_What is expected:_ Output nothing except the lines from the one containing "4392 E MICHIGAN" through the final line of the data, both included, typed exactly, minus the pictures.

:: Raw data

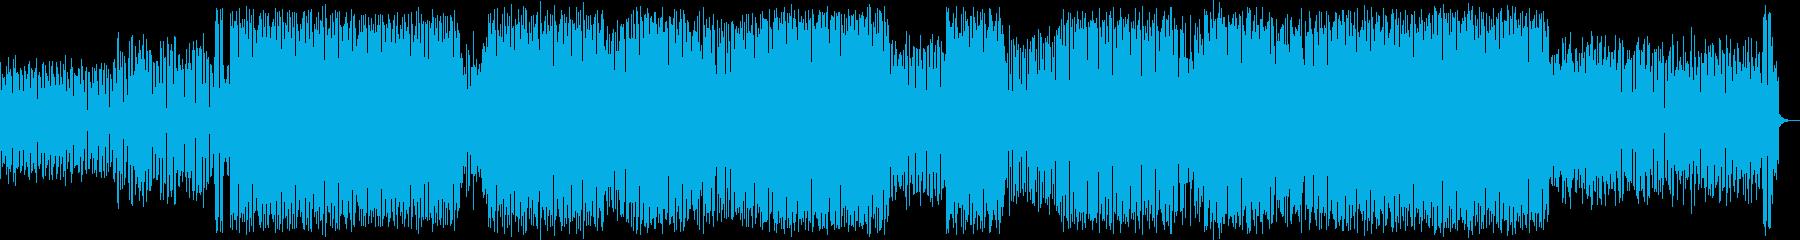 はじける感じのシンセポップハウス系の再生済みの波形
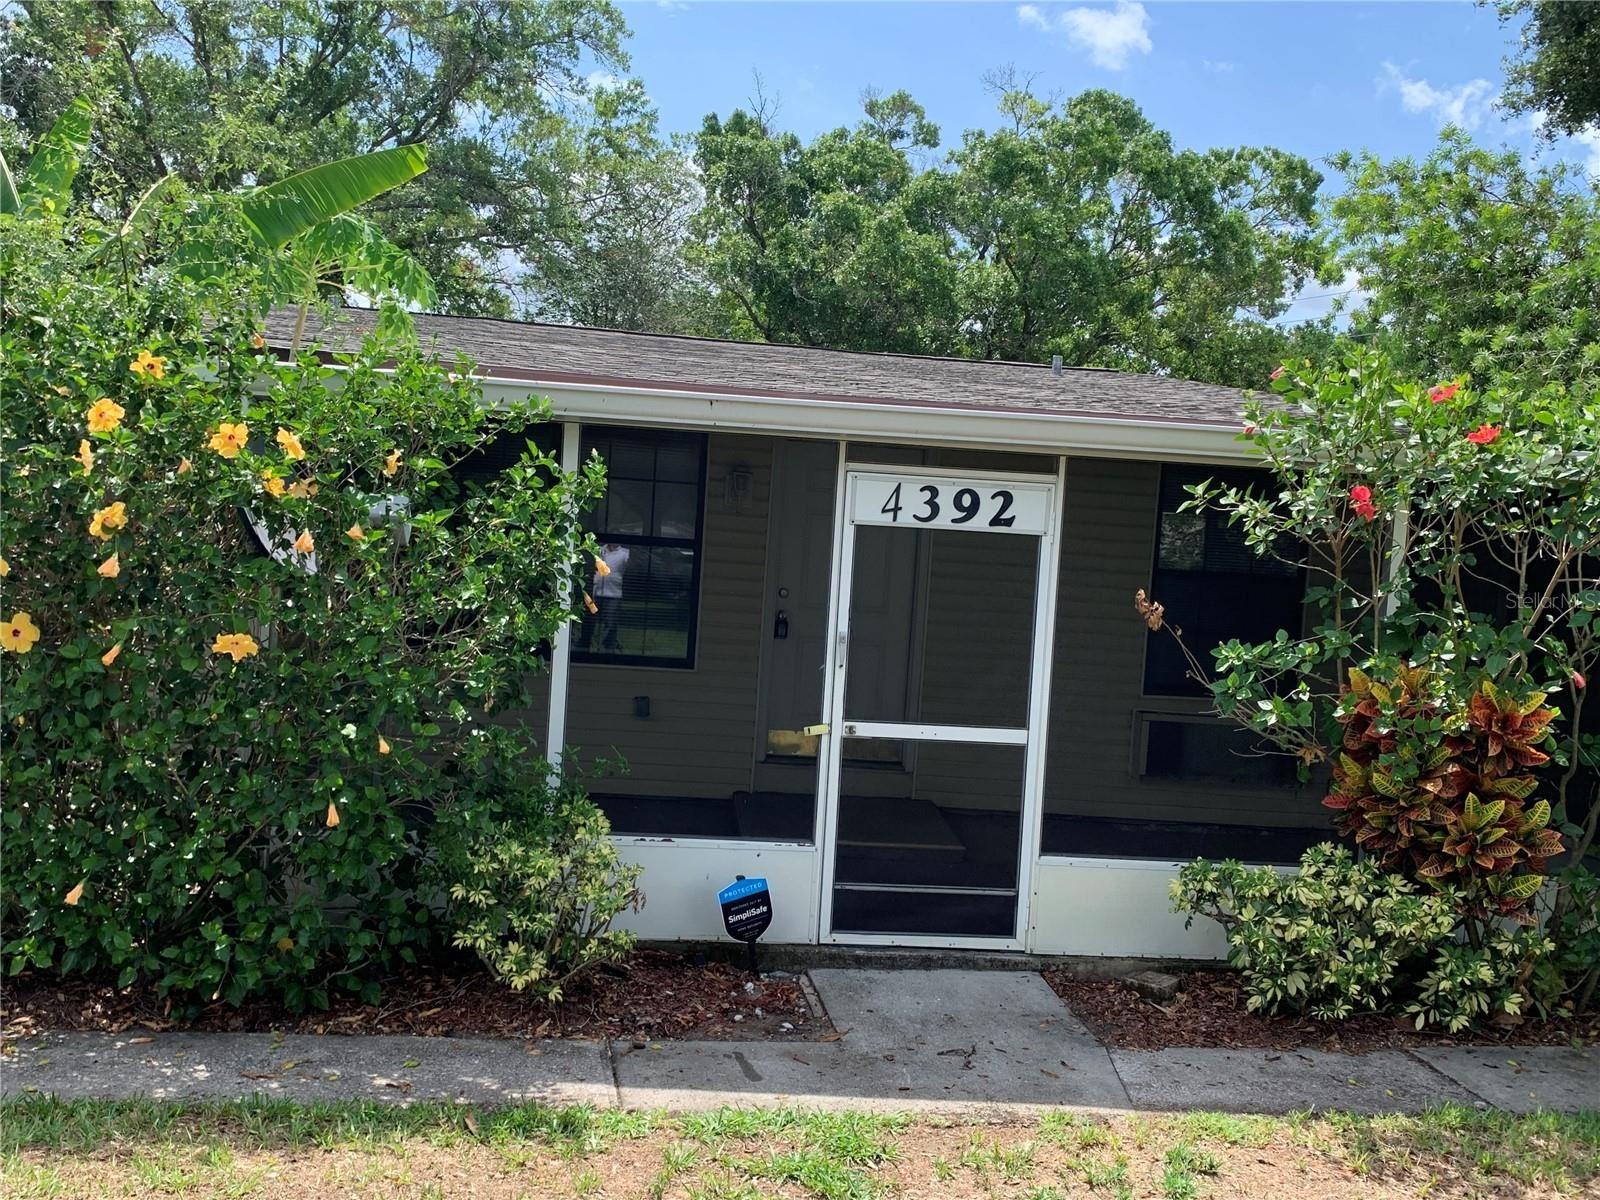 4392 E MICHIGAN STREET #4392, Orlando, FL 32812 - #: O5949199
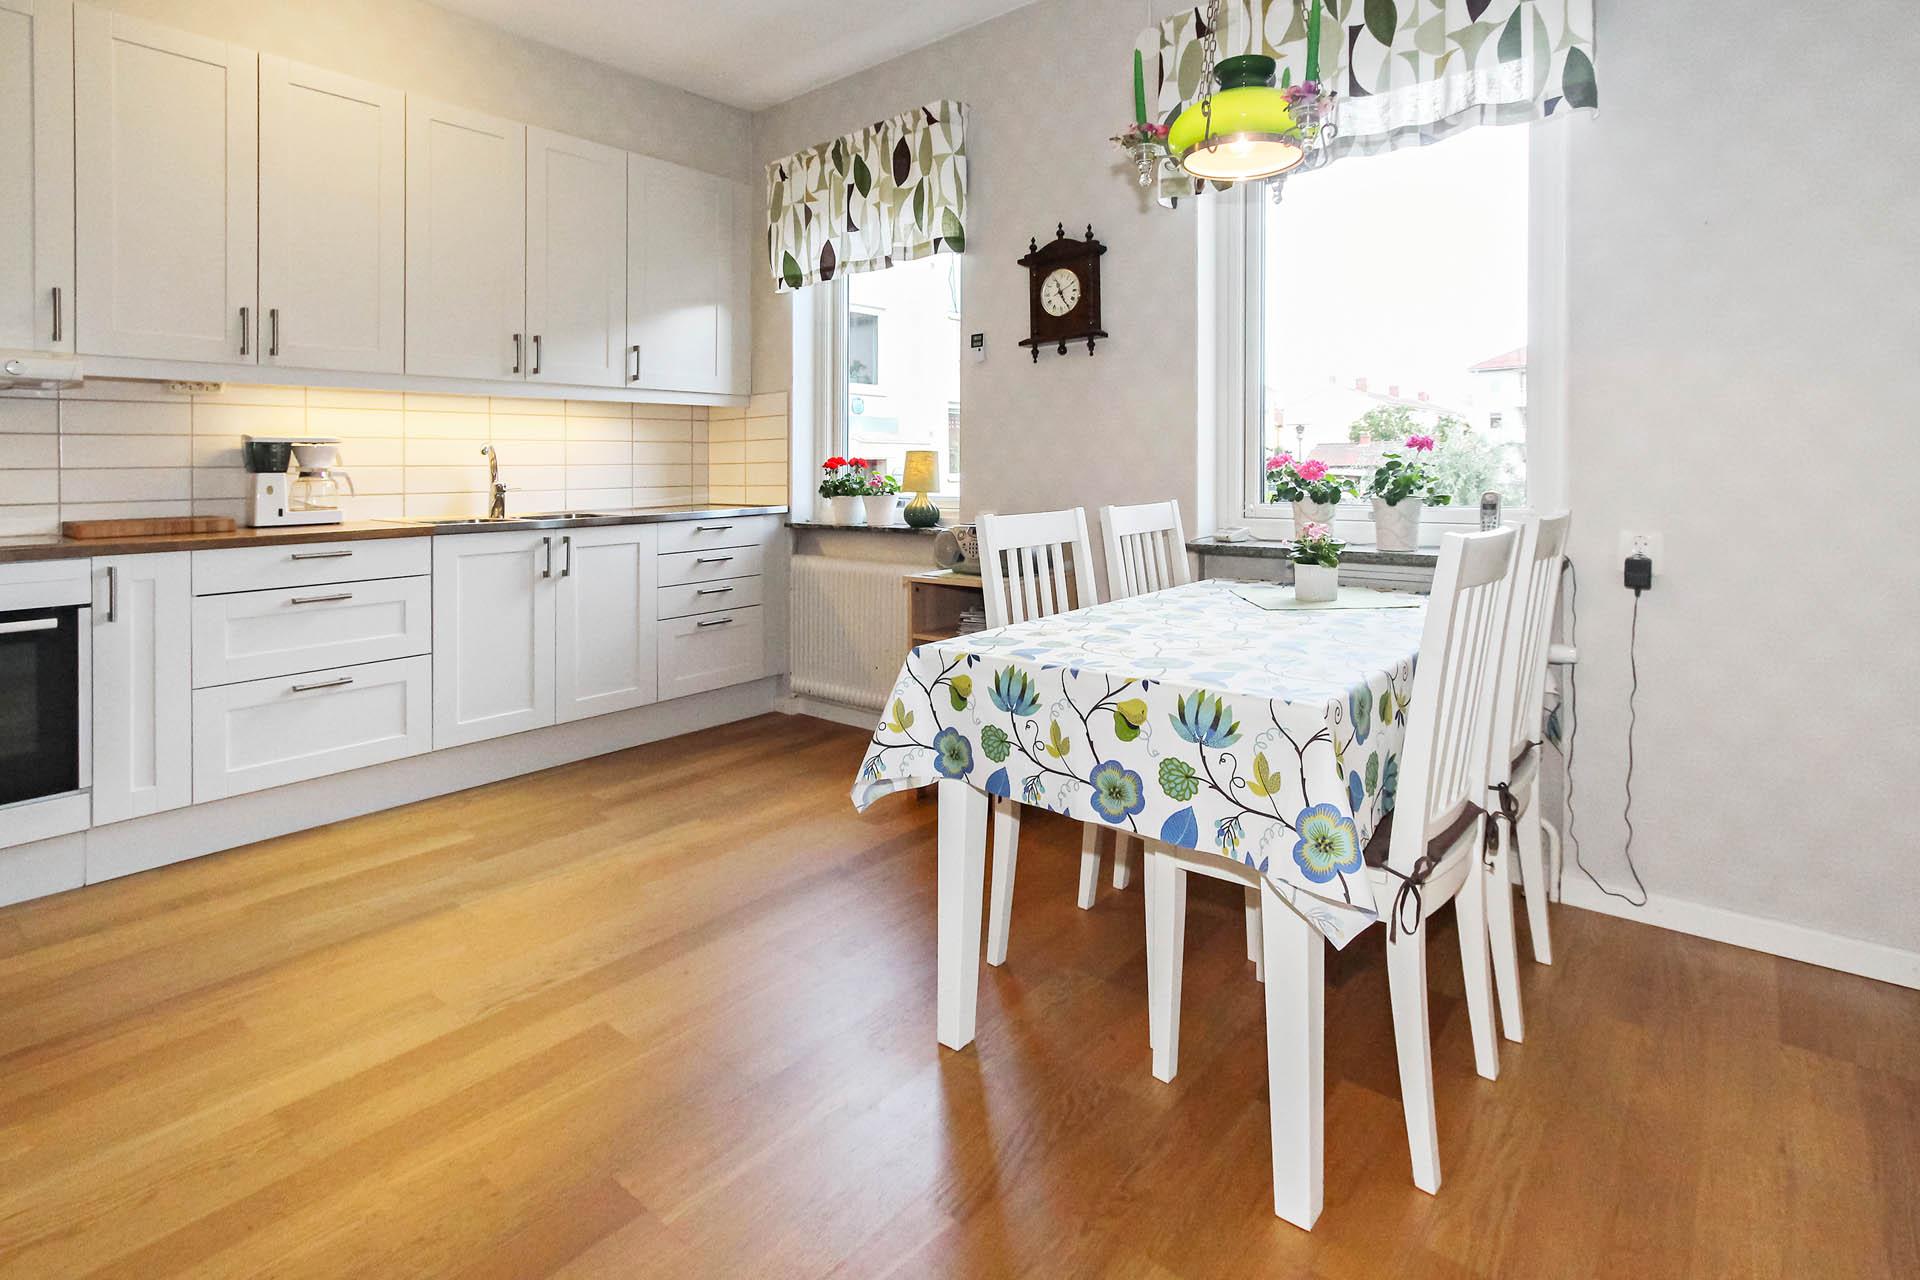 Rymligt kök med plats för matbord vid fönstret
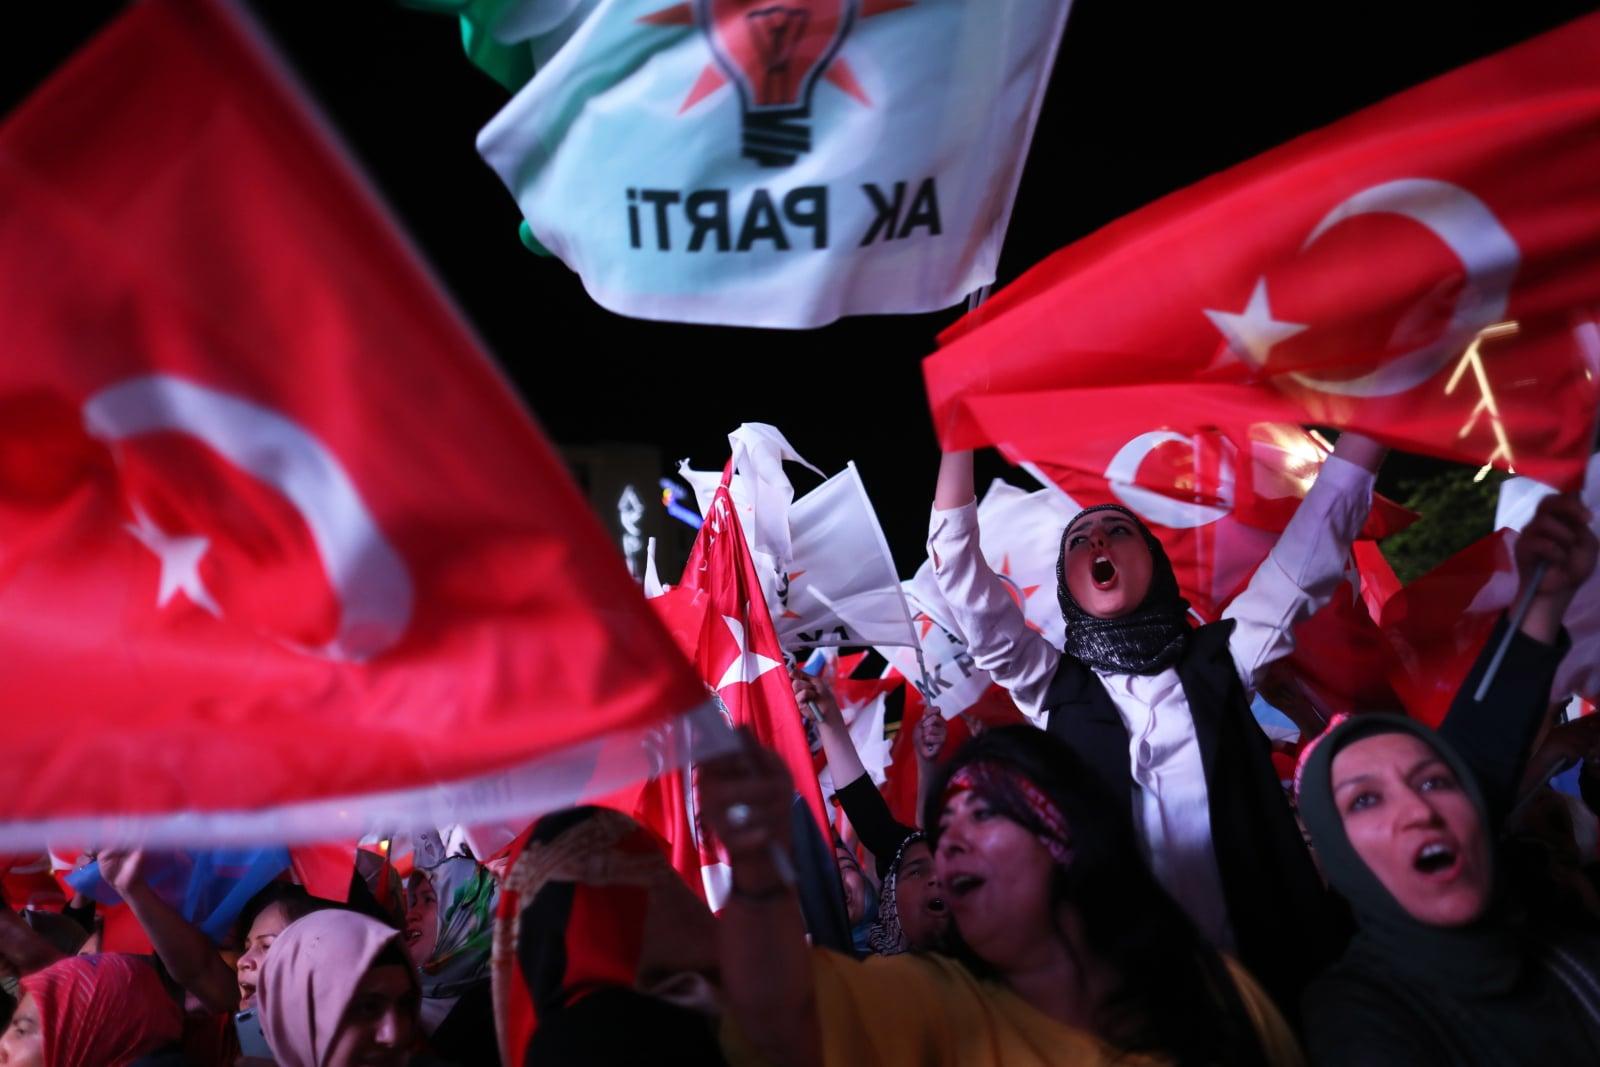 Wybory w Turcji fot. EPA/ERDEM SAHIN Dostawca: PAP/EPA.

::::

_Response area:_
 4392 E MICHIGAN STREET #4392, Orlando, FL 32812 - #: O5949199
 Rymligt kök med plats för matbord vid fönstret
 Wybory w Turcji fot. EPA/ERDEM SAHIN Dostawca: PAP/EPA.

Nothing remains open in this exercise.